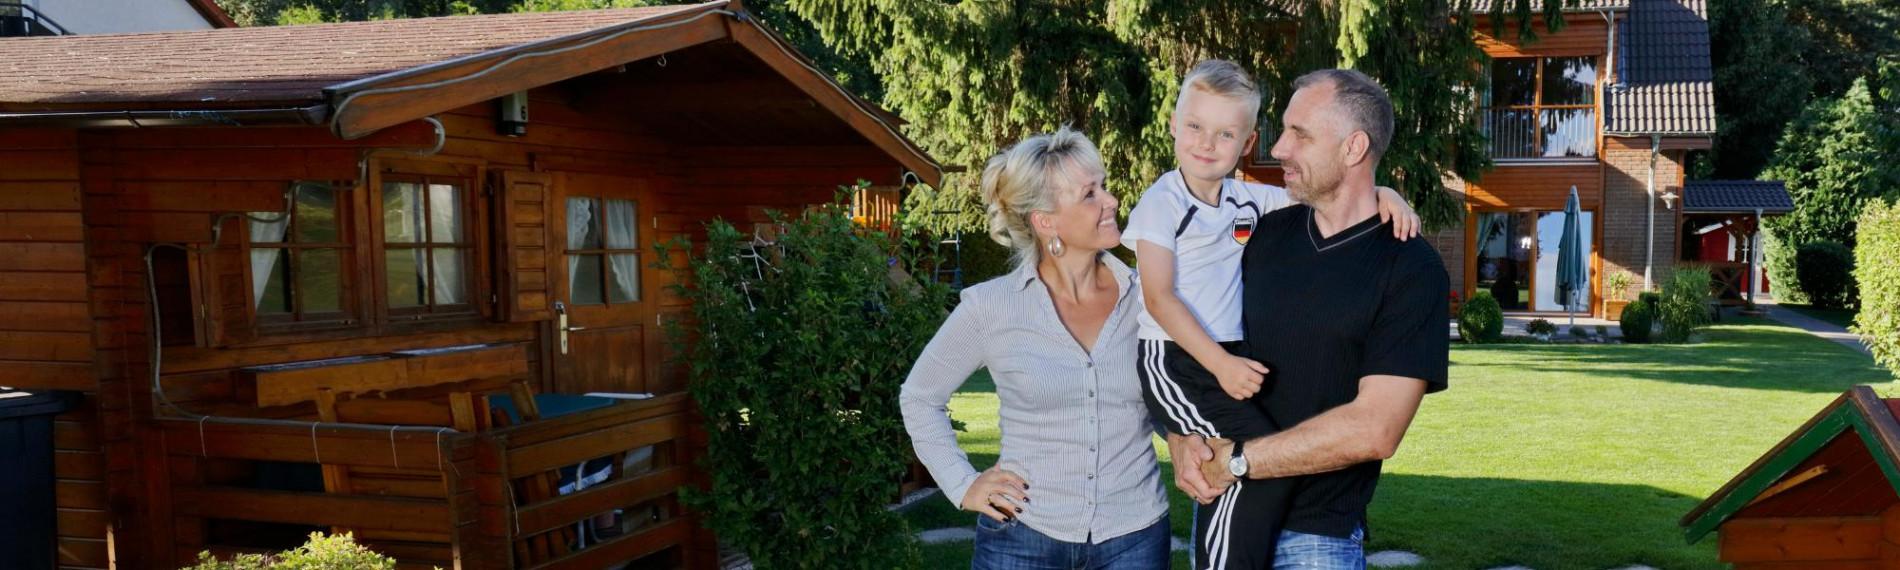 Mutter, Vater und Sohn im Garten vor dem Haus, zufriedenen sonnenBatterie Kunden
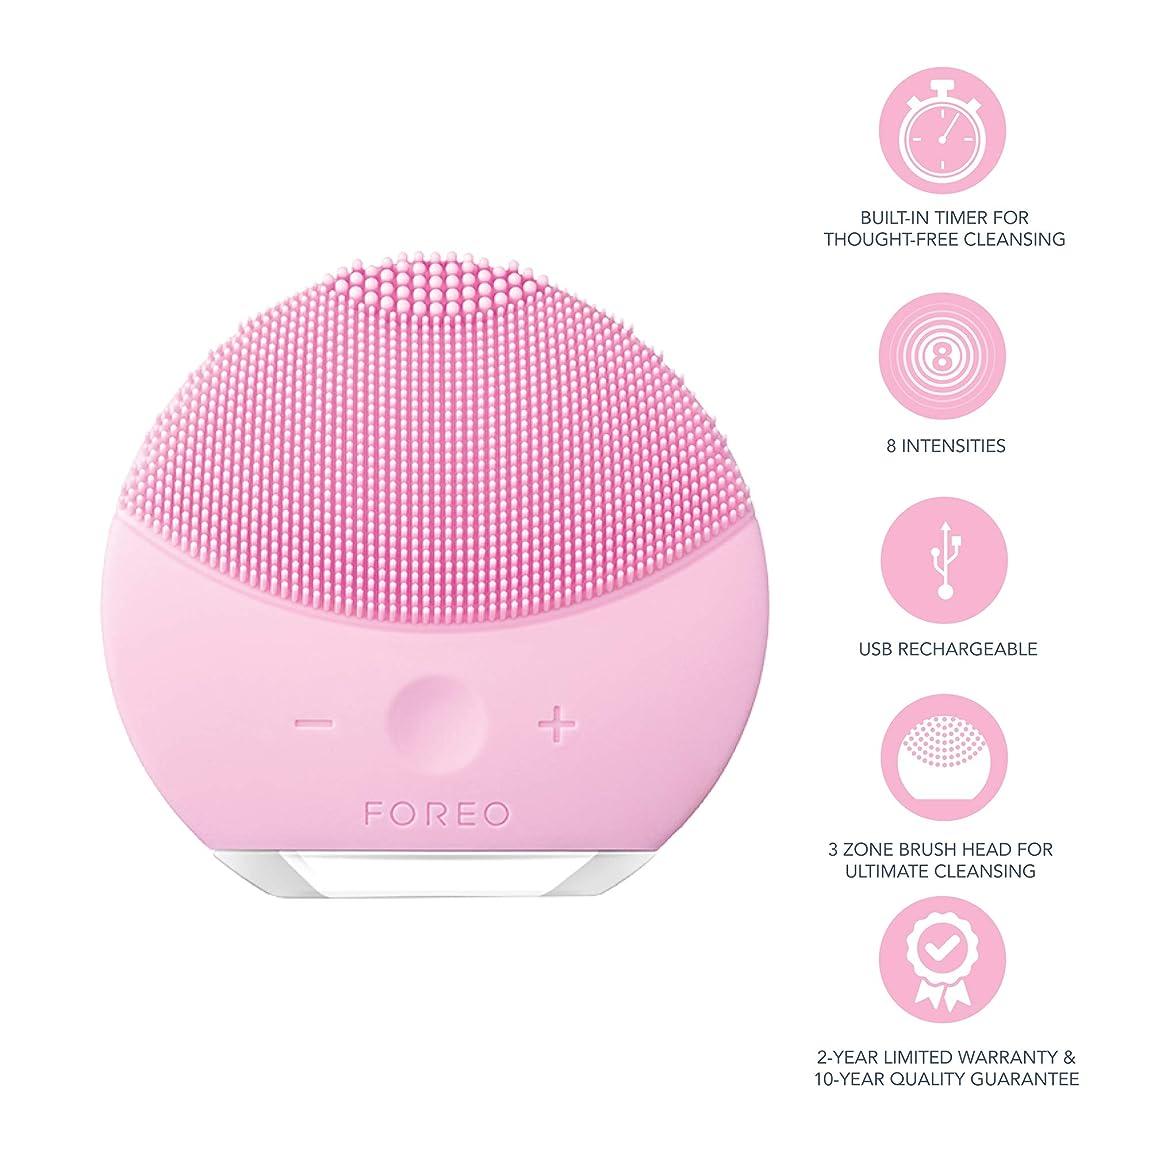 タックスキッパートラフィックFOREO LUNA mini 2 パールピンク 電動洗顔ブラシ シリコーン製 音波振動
...
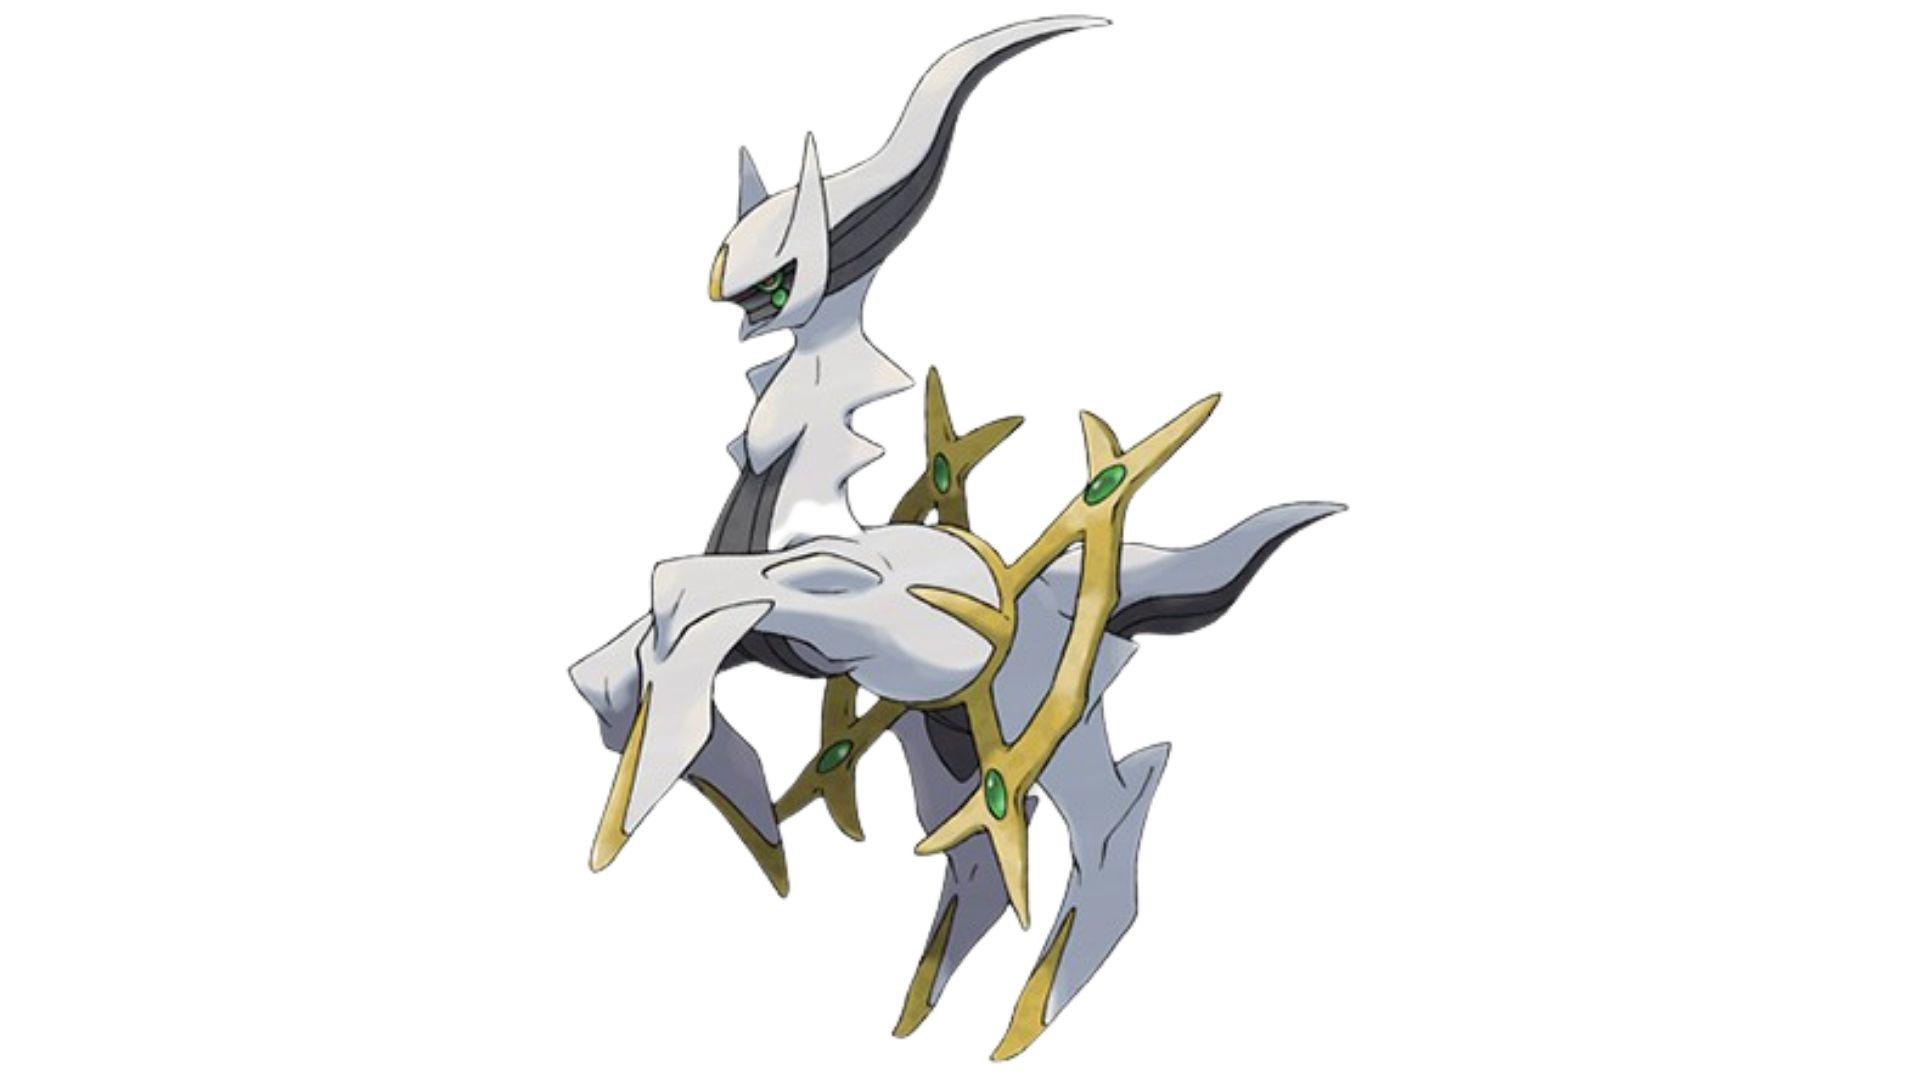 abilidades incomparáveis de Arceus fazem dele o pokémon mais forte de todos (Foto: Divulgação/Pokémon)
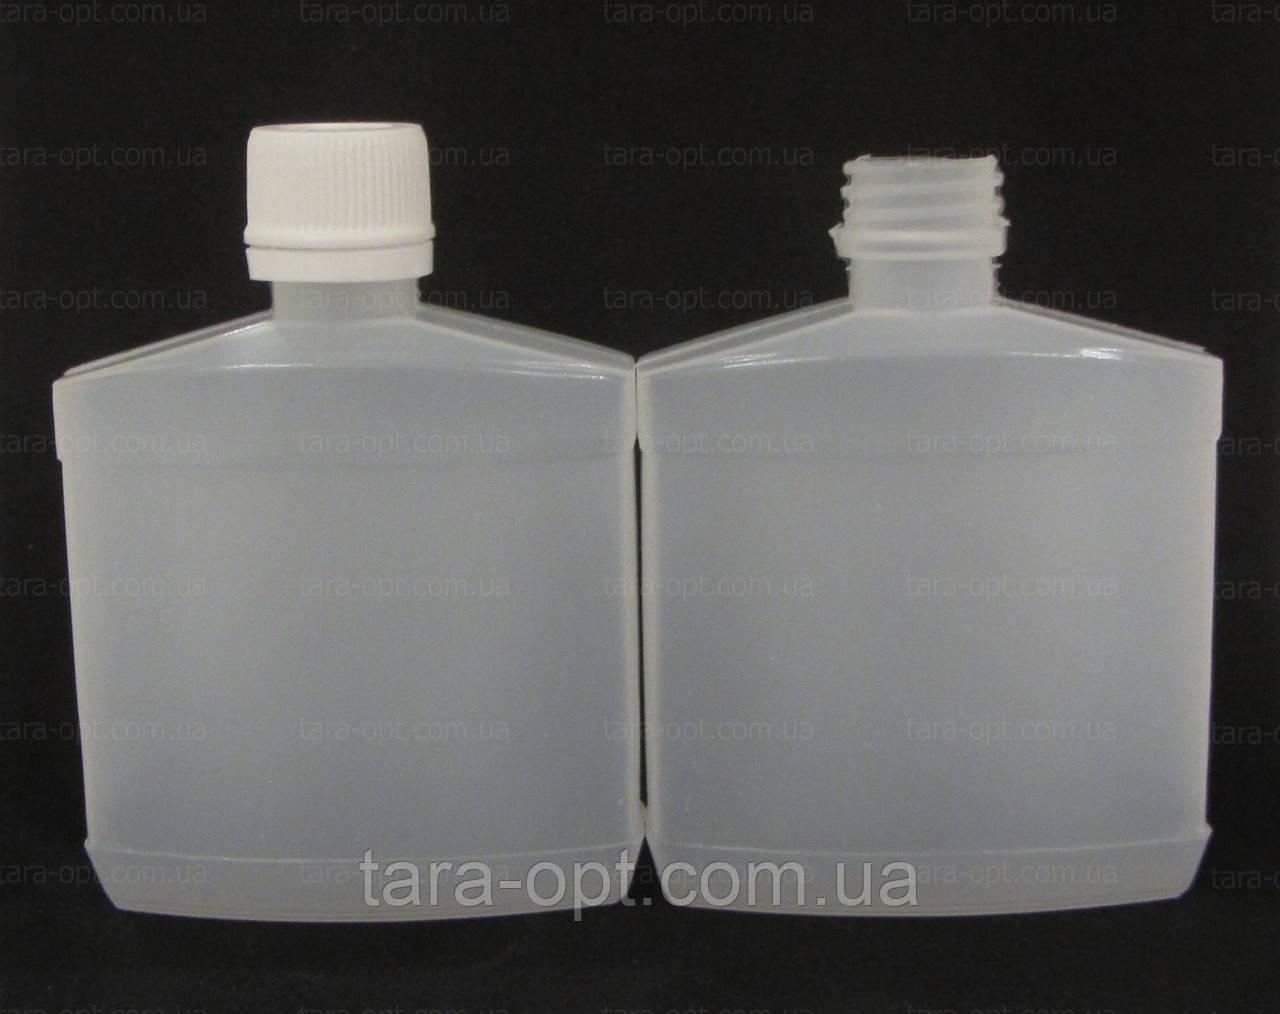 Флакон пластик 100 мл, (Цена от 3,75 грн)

* Requirement
Working from the data above, repeat exactly, and only, the lines that begin at the line containing "abilidades incomparáveis de" and stop after the line containing "Флакон пластик 100 мл, (Цена от 3,75 грн)"; pictures are not copied.

* Reply
 abilidades incomparáveis de Arceus fazem dele o pokémon mais forte de todos (Foto: Divulgação/Pokémon)
 Флакон пластик 100 мл, (Цена от 3,75 грн)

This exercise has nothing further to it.